◆ Exercise objective: Write out the data word for word and omit every picture.

◆ Collected material:

---*---

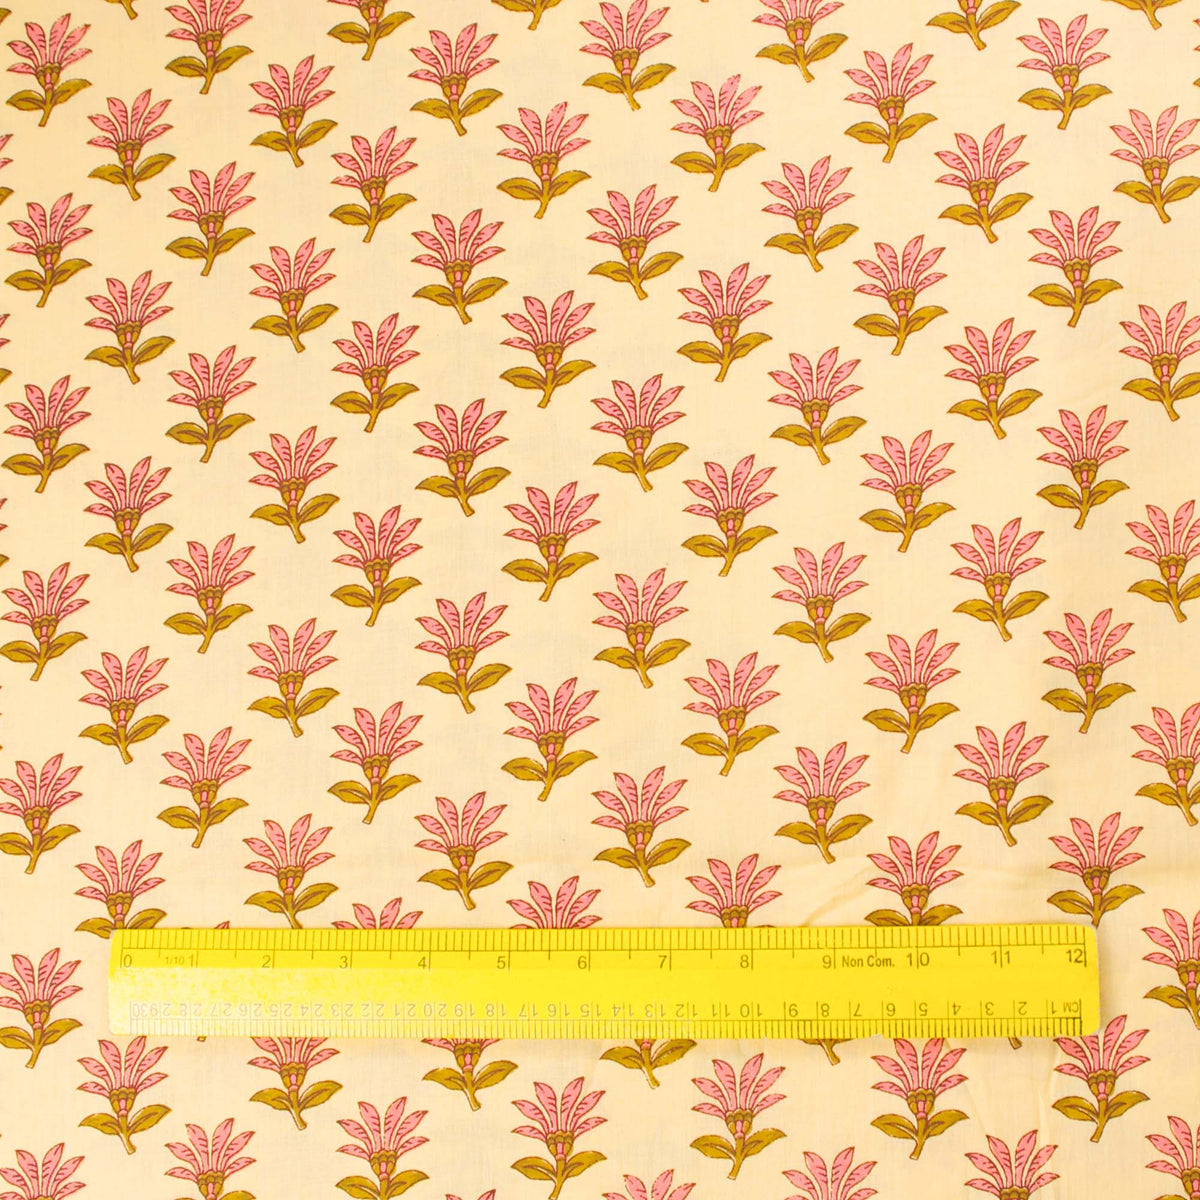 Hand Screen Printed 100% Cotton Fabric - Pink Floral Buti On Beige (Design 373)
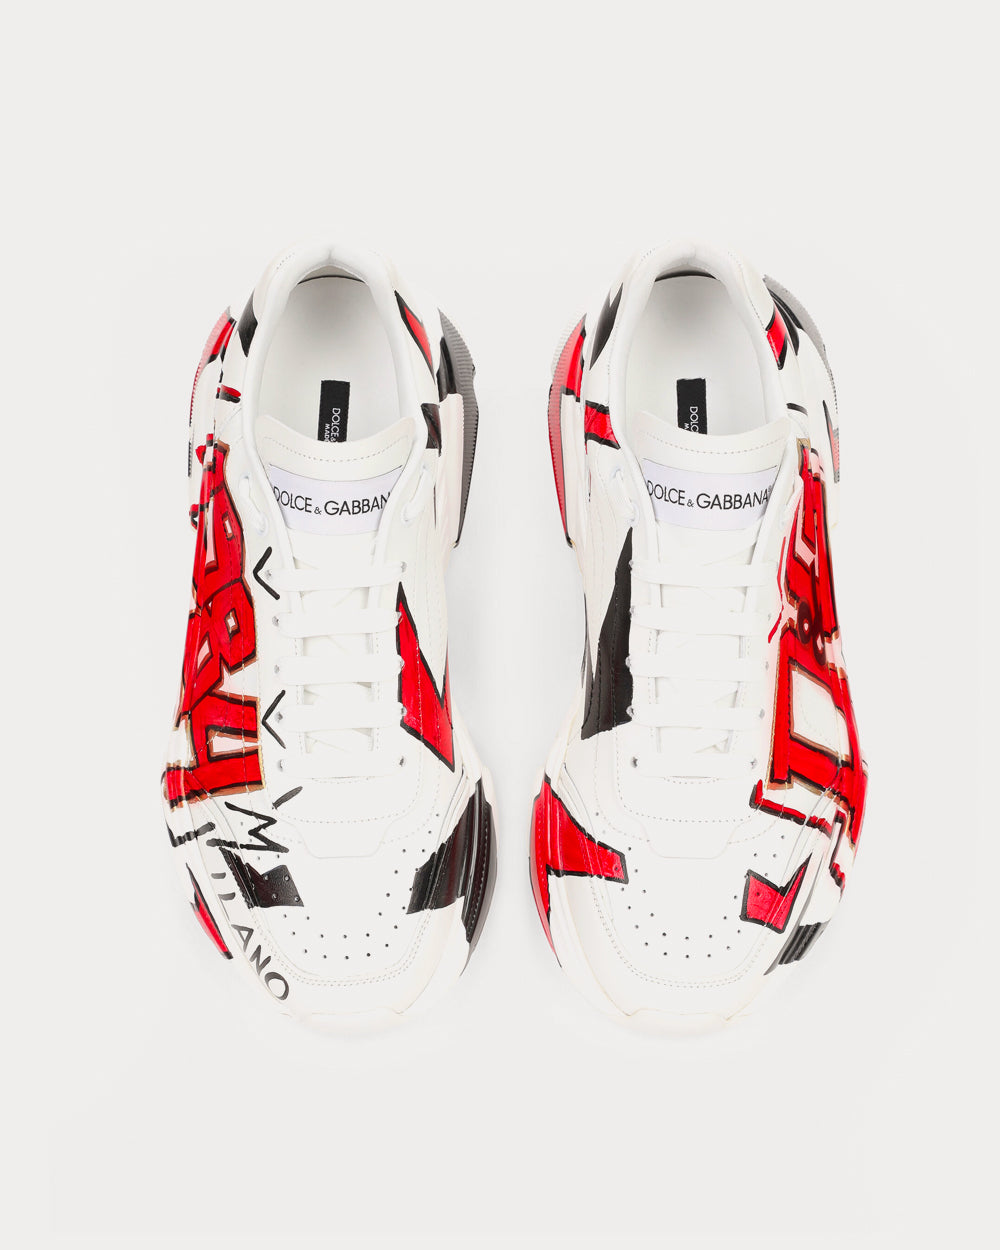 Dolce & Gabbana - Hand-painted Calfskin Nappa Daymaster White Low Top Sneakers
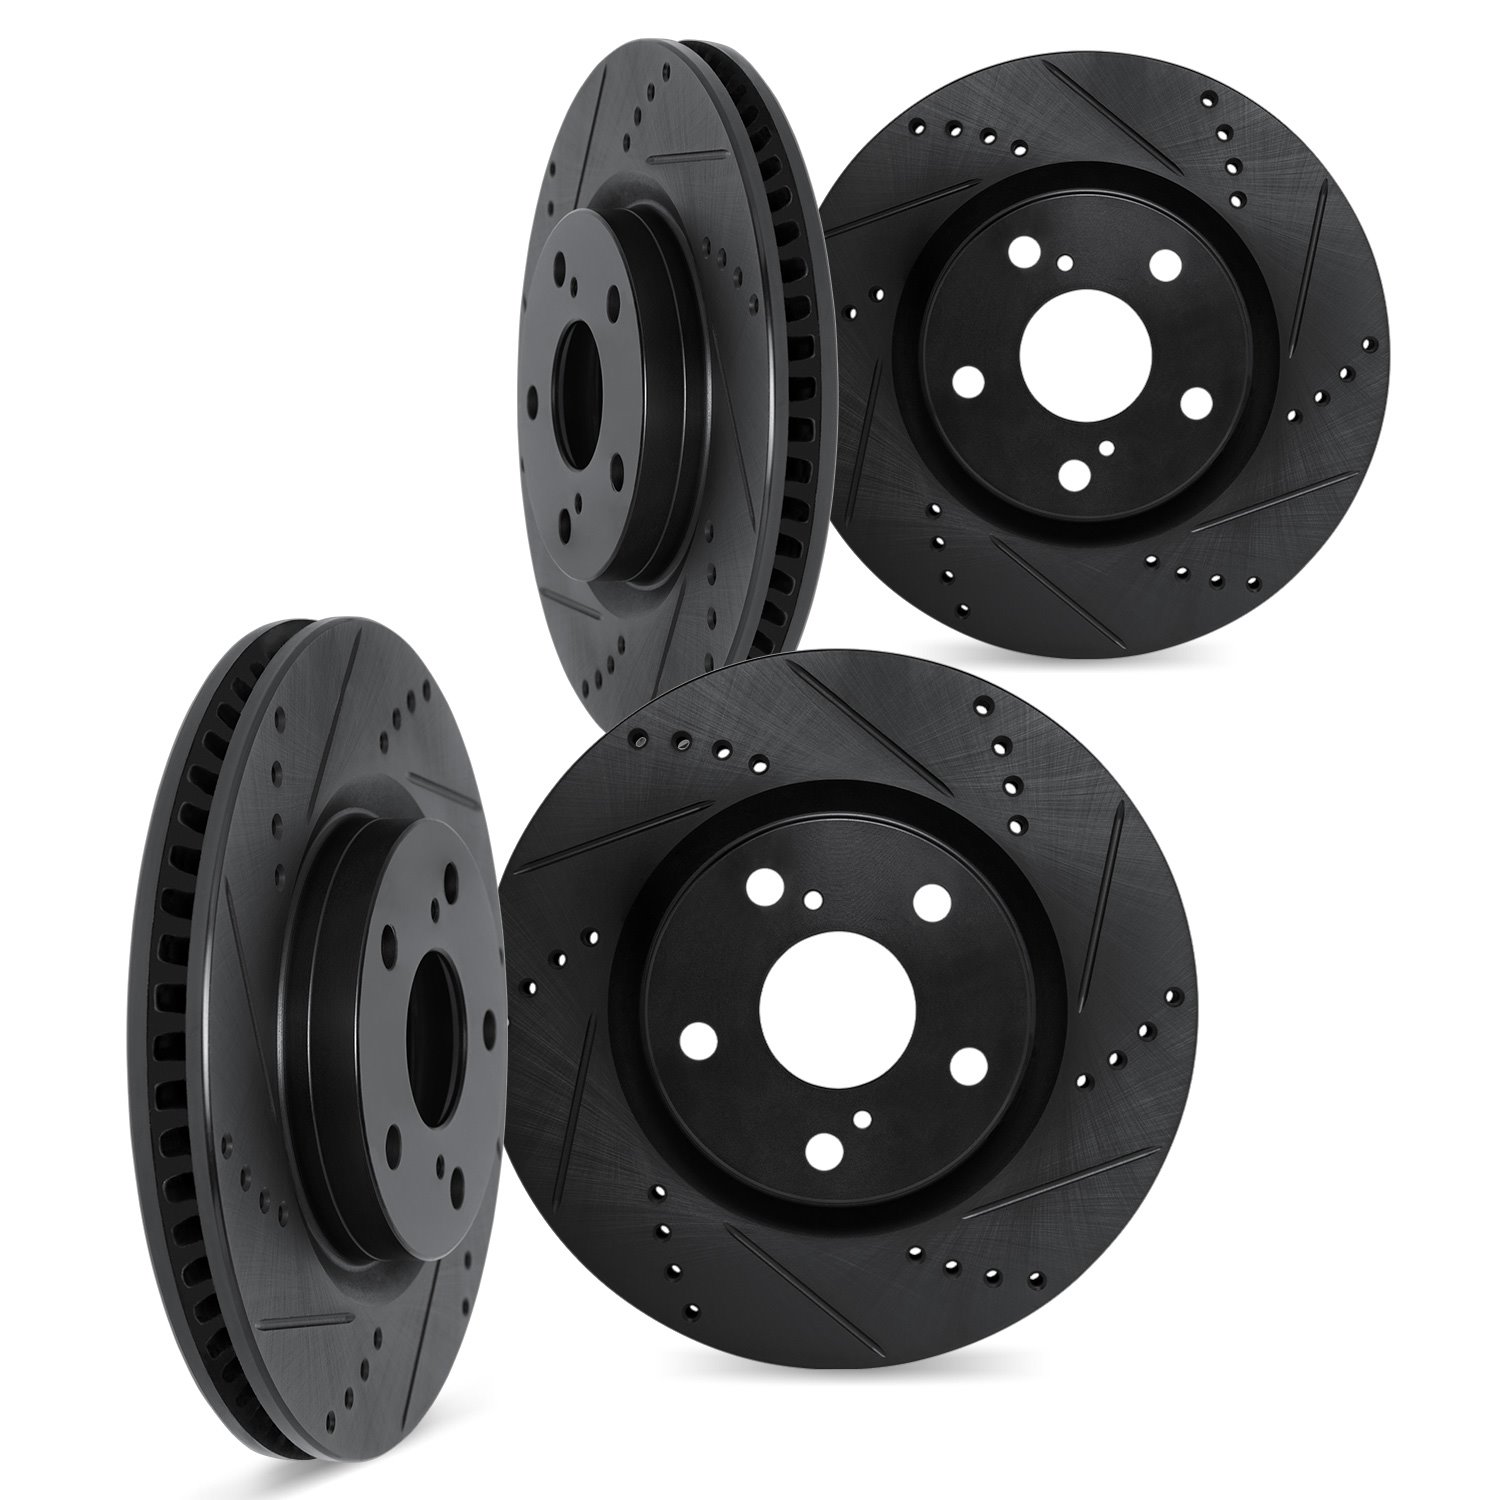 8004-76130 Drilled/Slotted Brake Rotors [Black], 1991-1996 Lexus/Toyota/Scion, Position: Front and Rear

---*---

◆ The answer:
 Hand Screen Printed 100% Cotton Fabric - Pink Floral Buti On Beige (Design 373)
 Dolce & Gabbana - Hand-painted Calfskin Nappa Daymaster White Low Top Sneakers
 8004-76130 Drilled/Slotted Brake Rotors [Black], 1991-1996 Lexus/Toyota/Scion, Position: Front and Rear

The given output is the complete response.